A turning point in the relationship was Turkish reaction to the attack on Istanbul synagogues in November 2003, which killed six Jews and injured dozens of others. Erdogan was emphatic in emphasizing that the attacks, believed to be carried out by an Al-Qaida affiliate, were as much an attack on Turkey as they were on Jews. The prime minister reinforced that message with a visit to Israel last year.

“Turks and Jews have been friendly to each other throughout history,” Logoglu said, noting as an example the safe haven that Jews fleeing the Spanish Inquisition found in Ottoman Turkey.

That may be, U.S. Jewish leaders say, but Logoglu’s persuasion was critical in getting Erdogan to go the extra mile.

That was not always easy: The conservatives running Turkey did not always trust Logoglu, a modernist who said he will devote his post-diplomatic career to fighting for women’s rights in his homeland.

“It was not easy for Logoglu,” said a representative of an American Jewish organization who deals with Turkey. “Often I would get notice from the Turkish government for some visitor coming in before he did.
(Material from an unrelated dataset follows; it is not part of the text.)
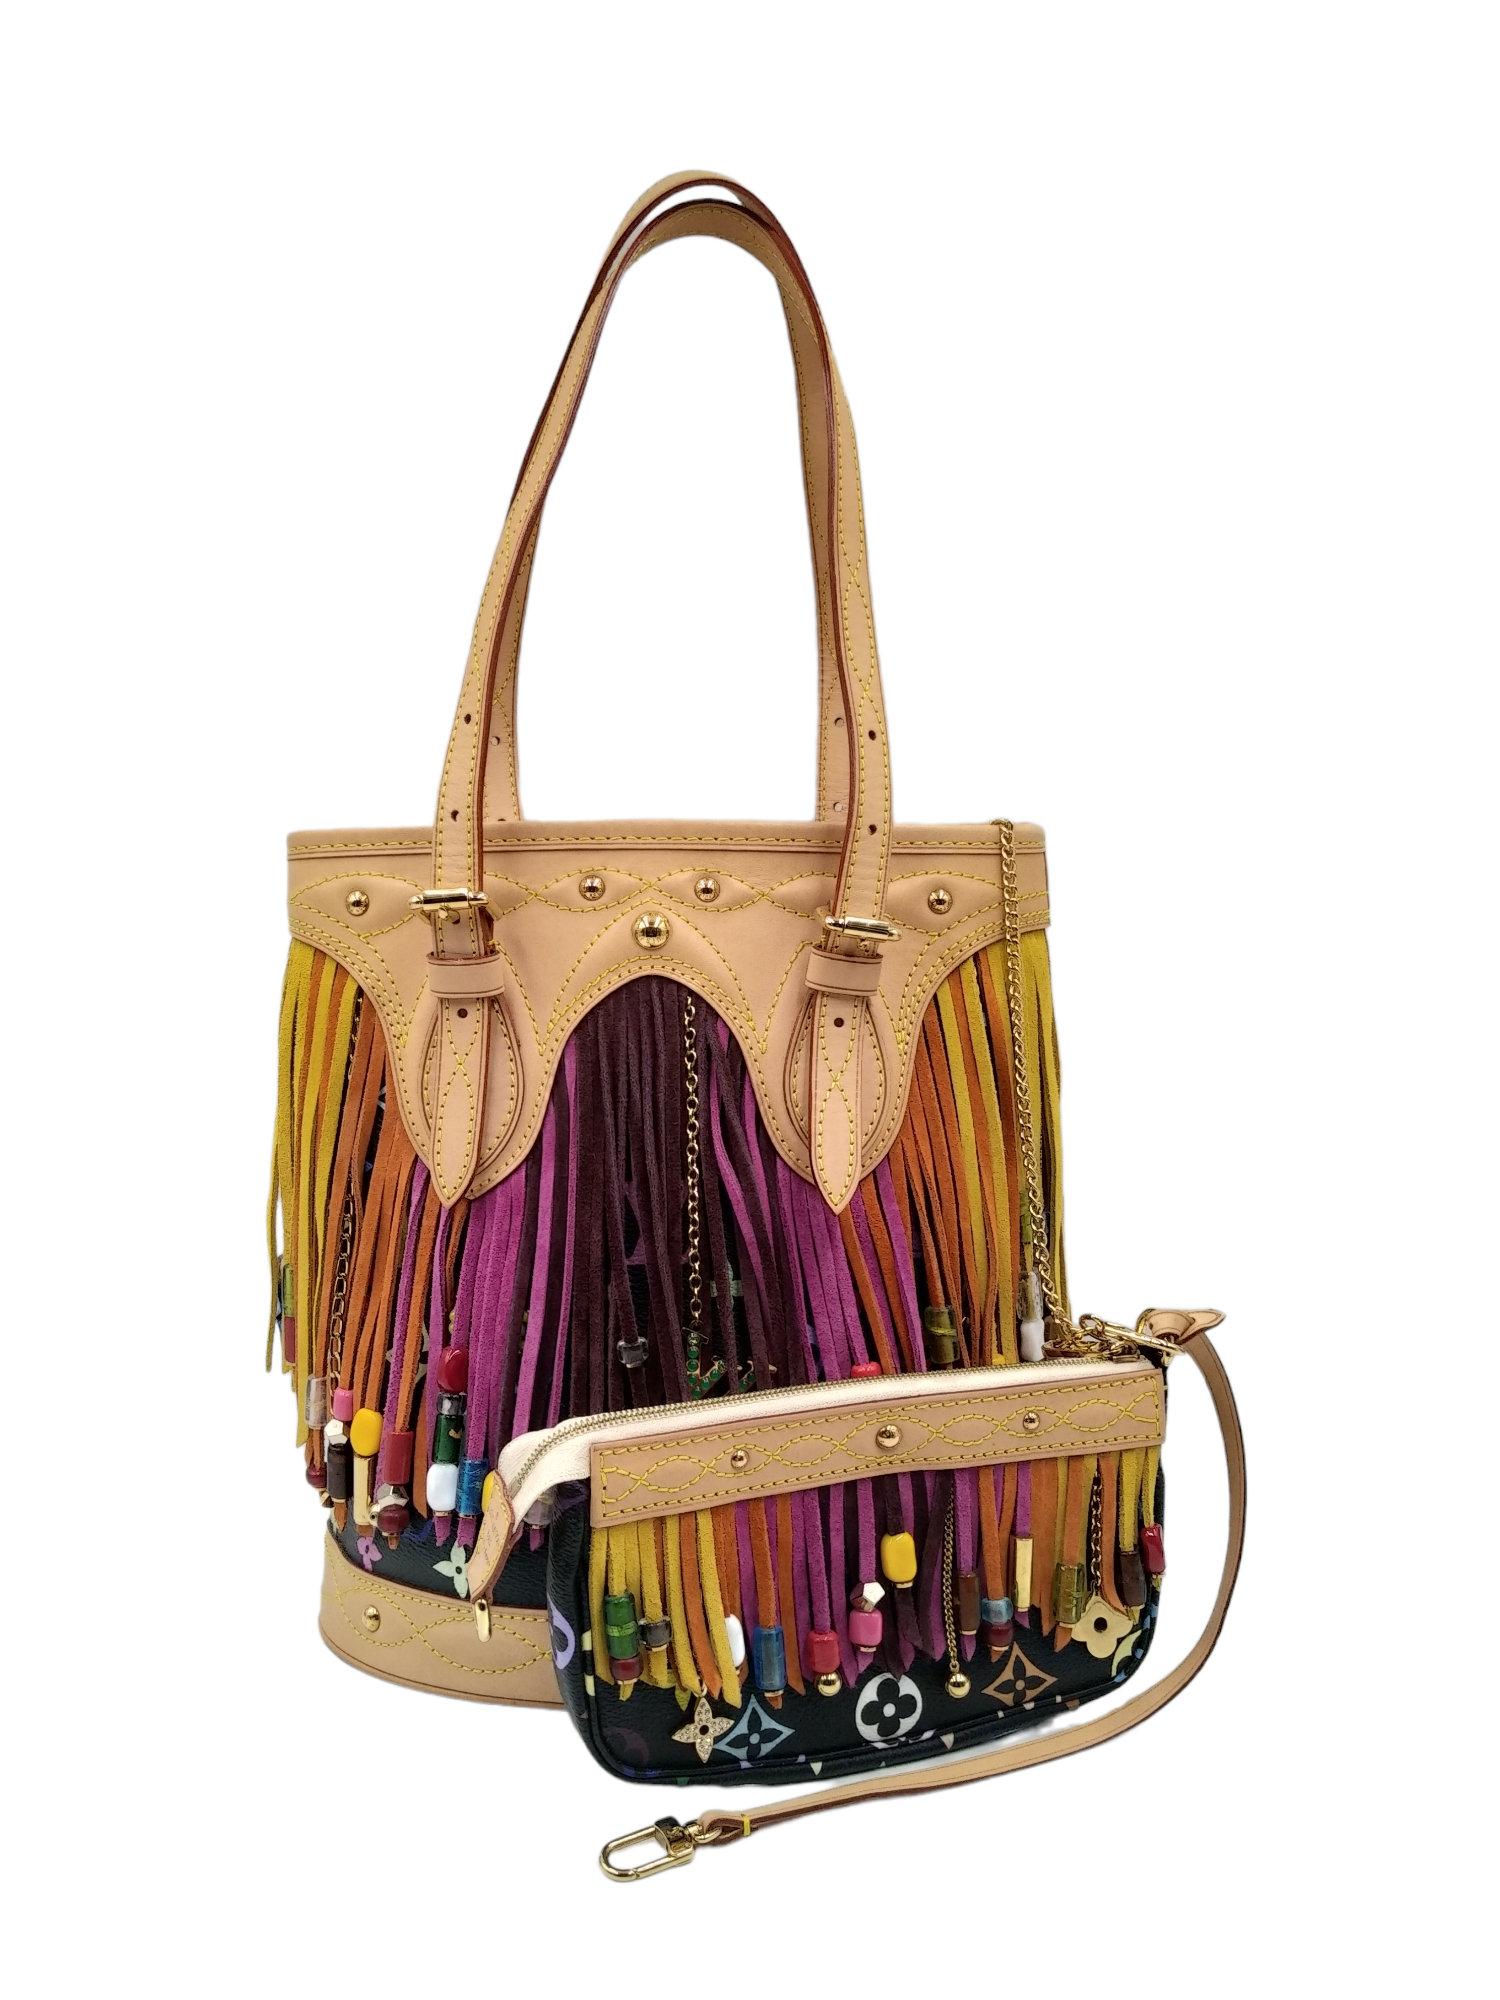 lv western purse with fringe

But he kept his equanimity and his common decency.”

That was especially critical in smoothing relations with the United States after the Turkish Parliament, in an 11th-hour vote on March 1, 2003, banned U.S. forces on its territory from launching attacks on Iraq.

“He was able to help Washington understand Turkey, what Turkey’s concerns were about Iraq, which are so alien to us,” Cagaptay said, referring to Turkish apprehensions about the ascendancy of Iraqi Kurds and how that could inspire Turkey’s own restive Kurdish minority. “I think he was able to get through to Ankara the real environment and attitudes to Iraq policy in the run-up to the Iraq war.”